From 1914 to 1923, Farragamo created footwear for the American Film Company. He then relocated to Hollywood and became the “shoemaker of dreams.” For more than 30 years he shod the stars, from Lillian Gish in the first silent films, to Marilyn Monroe in The Seven Year Itch. Worried that his shoes were aesthetically pleasing but anatomically hurtful, Farragamo studied anatomy. After much experimentation, he used this knowledge to perfect a steel instep arch support, making his shoes significantly more comfortable.
Ever the inventor, Farragamo began to experiment with new materials such as needlepoint, lace, hemp, cellophane, raffia, cork, and even fish skin. With a shortage of materials due to WWII, Ferragamo adapted wood and cork into platform soles and inserted cellophane in place of straps. Inspired by the Italian Renaissance, Ferragamo resurrected the chopine, thus inventing our modern wedge heel. The inventor of several trends, like the famous ‘Vera pumps’ and ‘Cage Heels,’ which became icons in their own right, his designs continueto be seen on Hollywood’s biggest stars.
Chuck Taylor
How can one single player through savvy marketing insights and business acumen relabel a product and revolutionize an industry?

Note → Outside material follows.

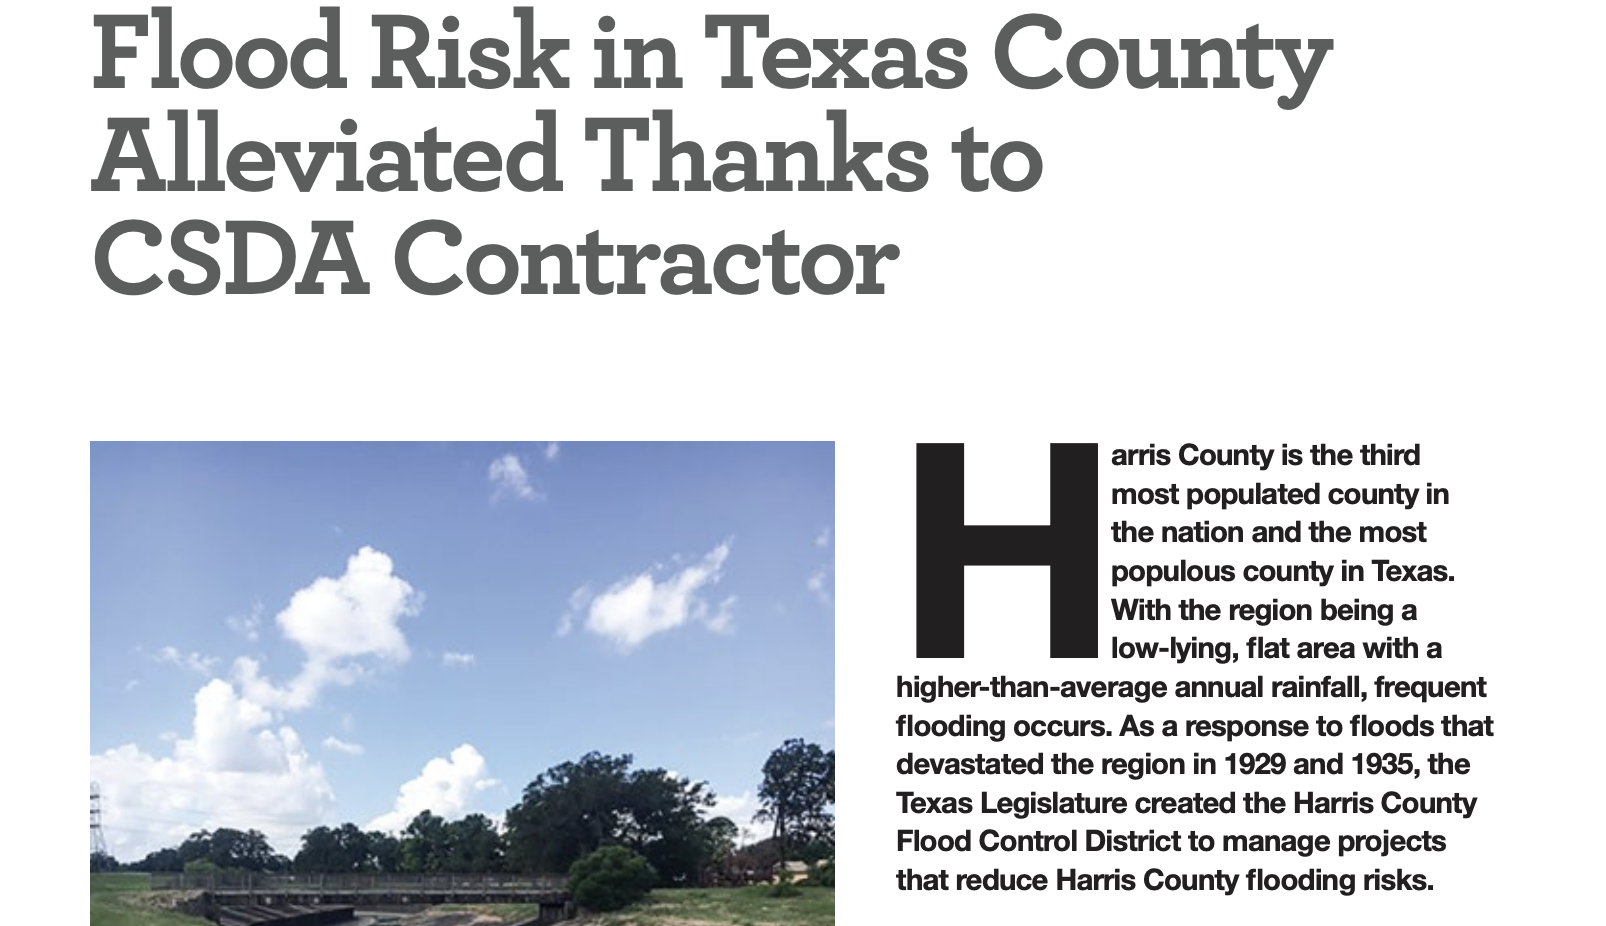 CSDA Contractor Removes Three Bridges to Help Alleviate Texas County Flood Risk

In 1921, the Converse Rubber Shoe Company signed the endorsement deal that would significantly change sports marketing and the industry. Professional baller turned salesman Chuck Taylor became Converse’s first player-endorser and became the name behind basketball’s first technical product, the “Chuck Taylor.” But this endorsed athlete agreement turned into something far more meaningful to the footwear industry: the first “signature sneaker” of all-time. Chuck immediately became involved in the design process, helping develop the canvas and vulcanized rubber product beyond the original 1917 creation. His input led to features such as increased ankle support and re-engineering of the rubber compound to increase traction and durability. Taylor, through his savvy understanding of the sporting arena used his influence to promote himself as the sports world’s first professional ambassador thus linking the world of athlete-to-product and paving the road for the future Chamberlain, Bird, Jordan, LeBron and Durant.
These past footwear influencers are remembered for their impact on our collective lives. Their creations improved our mobility. Their sensitivities led to new styles. And their skills, fortitude, and passion created jobs, formed companies, and improved economies. As the footwear world looks towards a new generation, there are numerous uncertainties. We don’t know what technology will upend longstanding production processes. We don’t know what cultural mores will drive new trends. As sport and work develop in new directions, we aren’t sure what needs new shoes will be required to fulfill. And we don’t know what unlikely fashion icons will arise, or how political machinations will drive local customs, or how a changing planet will change what we put on our feet.
But out of all this uncertainty, we can rely on one thing: there will always be a human mind behind the shoe. As we evolve, our shoes evolve with us. And as we look towards the past, we can know that the future of footwear will be reflective of the people behind the shoes.